From James Houstoun
Decr. 14. 1813
I have taken the liberty of addressing few lines to the president of the U.S. to lay before him the situation of my Brother Mossman Houstoun late Lt. Col. of the 8th Regt. of U.S. Infantry. whose unfortunate situation is one calculated to excite the simpathy of every humane man, and who has been dismissed the Service by the War department in a manner so abrupt & unceremonious as to cause the surprise & regret of all his friends who compose the major part of that portion of the population of this Section of the State that have been uniform in their support of the administration of Mr. Jefferson and of yourself.
Mossman Houstoun entered the army as a Capt. 5 or 6 years ago & by his great exertions very speedily raised a company with which he sailed to New Orleans where he served 2 years under Genl Wilkinson and was encamped at Terre au Boeuf where he suffered great injury in his health from which he never entirely recovered. For his merit & conduct as an officer at this period I beg leave to refer your Excellency to Genl Wilkinson himself. He continued to serve under Genl. Hampton who promoted him to be Brigade Inspector & to whom also I beg leave to refer your Excellency for his merit & character as an officer. On the prospects of war diminishing he retired from the army & returned to his profession at the Bar on which he depended for his support. When however war again appeared inevitable he returned to the standard of his country & recd. from your Excellency the appointment of Major & Lt Col. of the 8th R. of Iny. He continued to serve in this grade & to command in Savannah untill promoted by Genl Pinkney to be D. Agt. Gl. when he went to Charleston where he was attacked by the most dreadfull malady that human nature is heir to, being deprived of the use of his rational faculties.1 He has however lucid Intervals and being only 26 years of age there is room to hope & expect his recovery. In this situation he recd. from Genl Pinckneys politeness an unlimited furlow & retired among his friends who fondly hoped that he would be continued in his rank & pay, it being his only resource for a maintenance, and an application was made to this effect at the war department by my friends Mr Crawford & Col Troup who wrote me that every thing was there arranged agreeably to my wishes which increased my surprise upon receiving in August last a copy of the order dismissing him from the service. Major Hugh McCall of Savannah was disabled in a much less melancholy manner & one that precluded all hope of recovery, he was nevertheless continued in his rank & pay. This precedent confirmed my hopes that the same favour would be extended to my Brother whose private circumstances required such aid in a much greater degree than Major McCalls, & whose character & standing in the army wd not suffer by a comparison with that Gentlemans or any other in the army.
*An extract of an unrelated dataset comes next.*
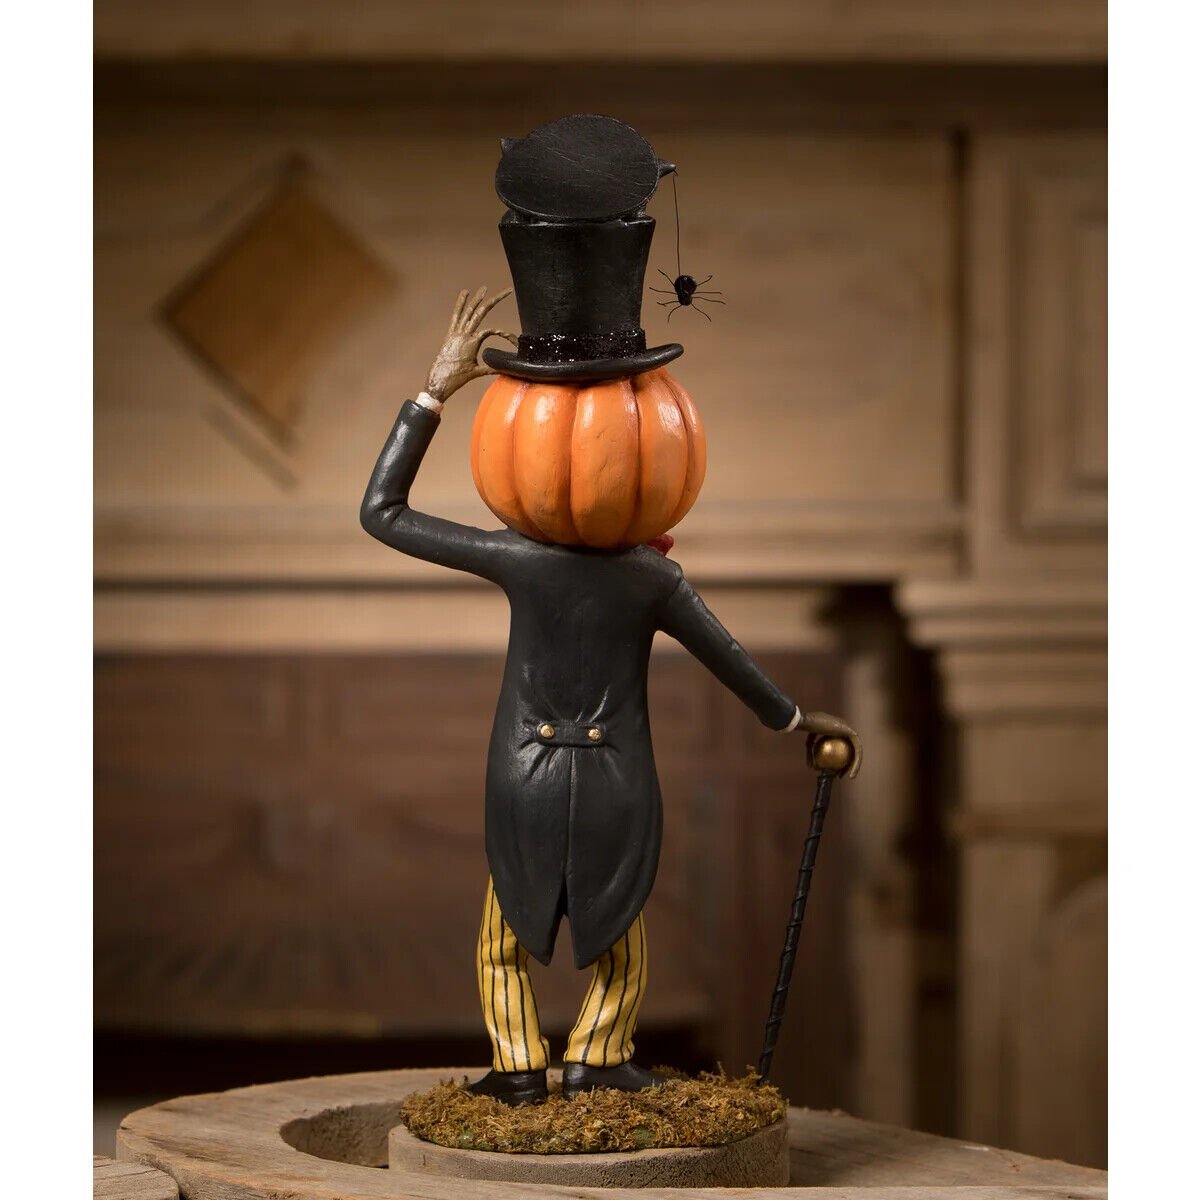 Bethany Lowe Halloween New 2023 Jaunty Jack Top Hat Figurine TD2209 - The Primitive Pineapple Collection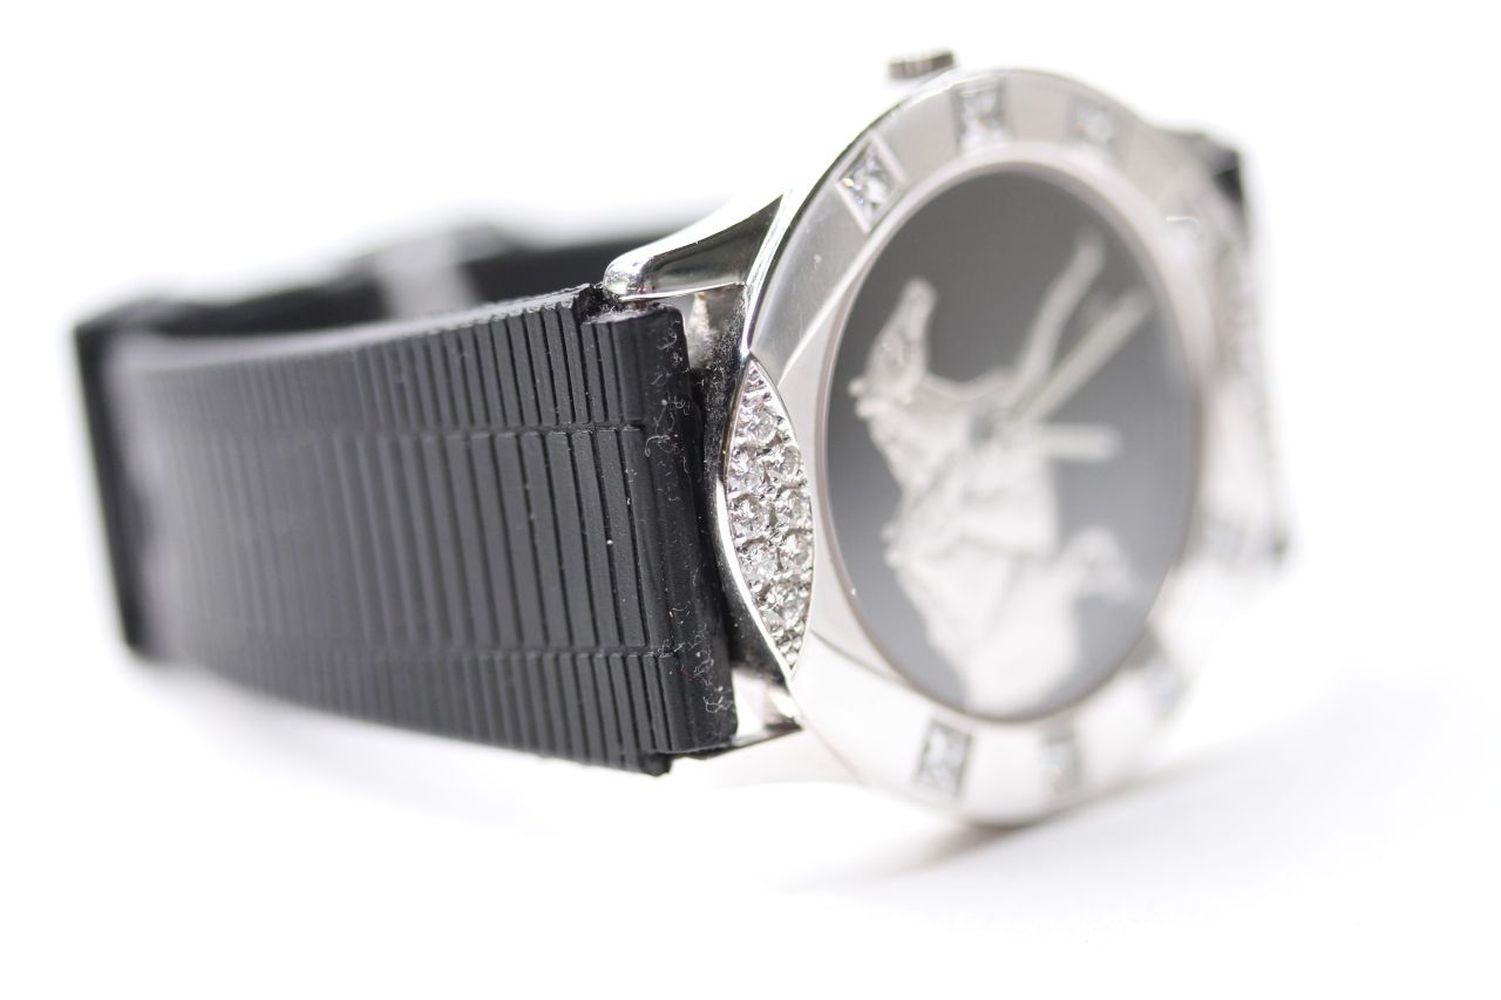 18CT CORUM FOR ASPREY DIAMOND BEZEL WRIST WATCH, black circular dial with two galloping horses, - Image 2 of 4

Confident that the dismissal of my Brother must have taken place without your Excellency being acquainted with the merits of his case I have taken the Liberty to sollicit your attention to it as a case of great delicacy and hardship, and as one that has made a very unfavourable impression in this quarter both among the military & civil part of the community.
For any further information I beg leave to refer your Excellency to my friend Col Troup who will do me the honor to deliver this Letter. With sentiments of sincere respect I have the honor to remain your Exey. most obt Se
James E Houstoun
If your Excellency should honor me with an answer my dire⟨ction⟩ is
Col James E Houstoun
RC (DNA: RG 107, LRRS, T-196:7). Damaged by removal of seal. Enclosed in George M. Troup to JM, 2 Jan. 1814 (ibid.; incorrectly dated 1813; 1 p.), which reiterated some of the details of Mossman Houstoun’s case. On the verso of the note, Daniel Parker wrote: “His brother was mad & continues so.”
1. In a 17 Dec. 1812 letter to Secretary of War William Eustis (DNA: RG 107, LRRS, P-346:6), Maj. Gen. Thomas Pinckney reported that Brig. Gen. Thomas Flournoy had suspended Mossman Houstoun from his duties as deputy adjutant general, and that Houstoun was being held in Savannah “for a desperate attempt on the life of Major McCall.” On 22 Dec. 1812 a military board of inquiry reported that “Lieut. Col. Mossman Houstoun has in several instances for Eighteen months past, exhibited undoubted evidences of insanity and … has lately been so ungovernable and outrageous, that his friends have found it necessary to Keep him in close confinement,” and concluded that Houstoun, being “afflicted with a mental derangment,” was “not qualified to exercise the functions of an officer in the Army of the united States” (DNA: RG 94, Letters Received, filed under “McCall”; enclosed in Hugh McCall to Thomas H. Cushing, 8 Jan. 1813 [ibid.]).